Assume for the sake of argument, however, that we have got all of these data sets, and we have agreed some rules for philanthropy, so our philgorithm can be set loose to analyse data on need, social impact and past instances of philanthropy. Is our work done? Not quite, from what I can see. We still need a way of assessing which of the approaches to philanthropy or donation strategies the philgorithm proposes (or adopts, if it is acting directly) is “better”. Hence we have to establish some sort of metric. Since we are assuming that we have data on outcomes, do we just look at which approaches deliver the best outcomes? We could, but one problem is that we would have to compare outcomes across totally different cause areas (or “impact verticals” as I was informed the other day they are now to be called. Although not by me anytime soon…)
We could, of course, make our philgorithm domain-specific i.e. we would stipulate one or more cause areas to focus on and the algorithm could then determine how best to allocate resource to address those causes. This would introduce an element of human involvement back into the process (at least up front), which obviously takes us further away from the goal of a truly independent philgorithm but also has the advantage that it might be more palatable in practice.
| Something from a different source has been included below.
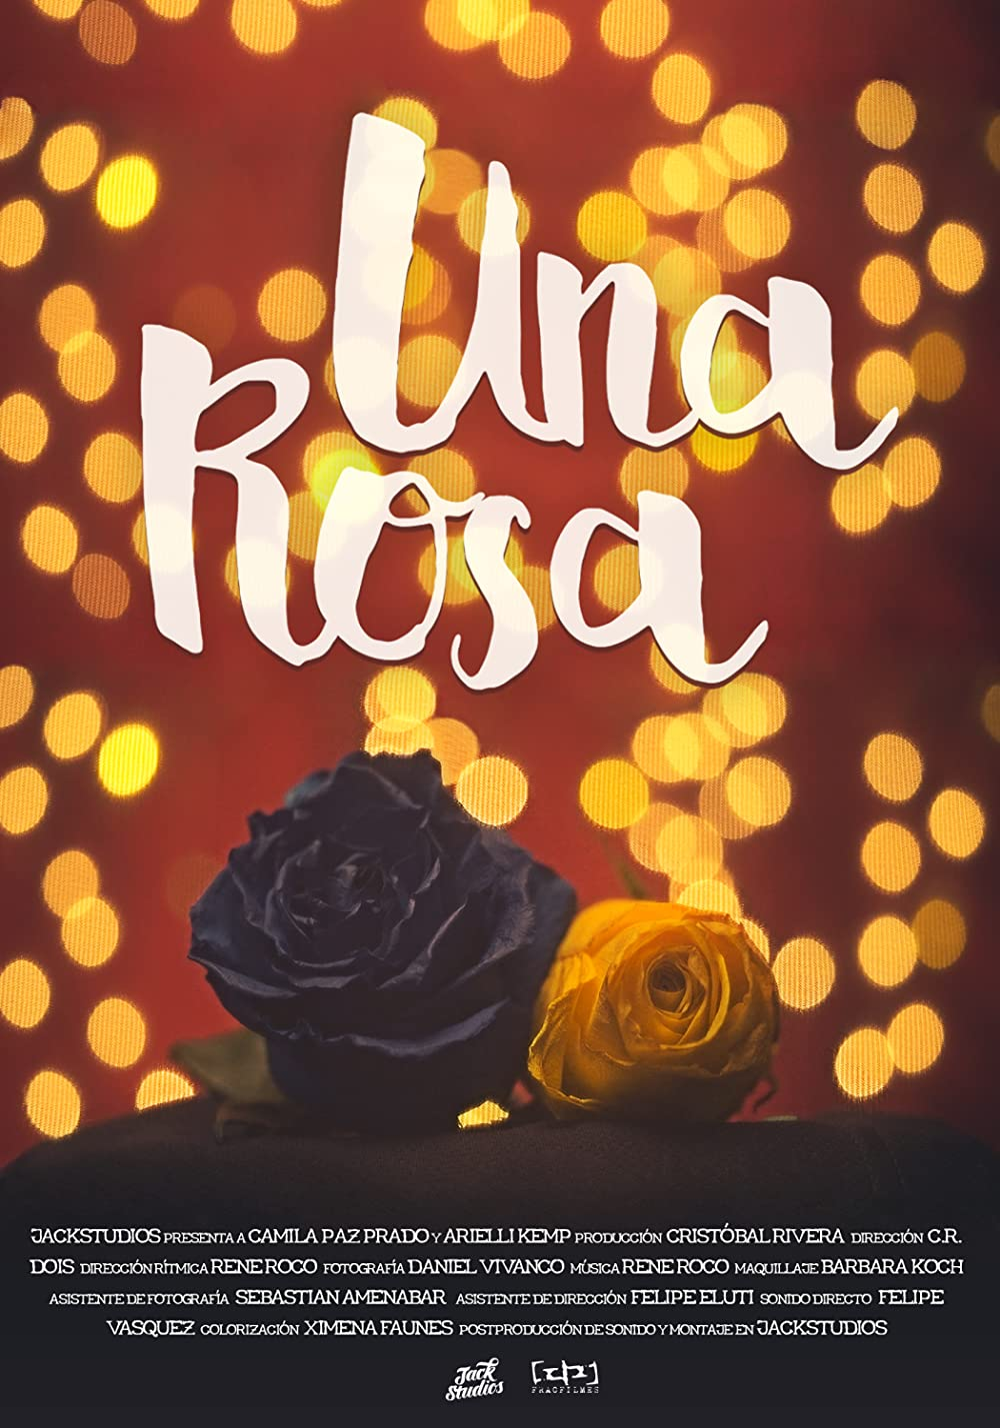 A Rose 2016

At least initially, donors are likely to want to retain the ability to set certain criteria within which any proposed philanthropy algorithm can operate- very few will be comfortable painting themselves entirely out of the picture.
This is definitely likely to be the case in the early days of developing AI philanthropy, as very few donors (or indeed advisors) are likely to be comfortable painting themselves entirely out of the picture. They will almost certainly want to retain the ability to set certain criteria within which any proposed philgorithm will operate.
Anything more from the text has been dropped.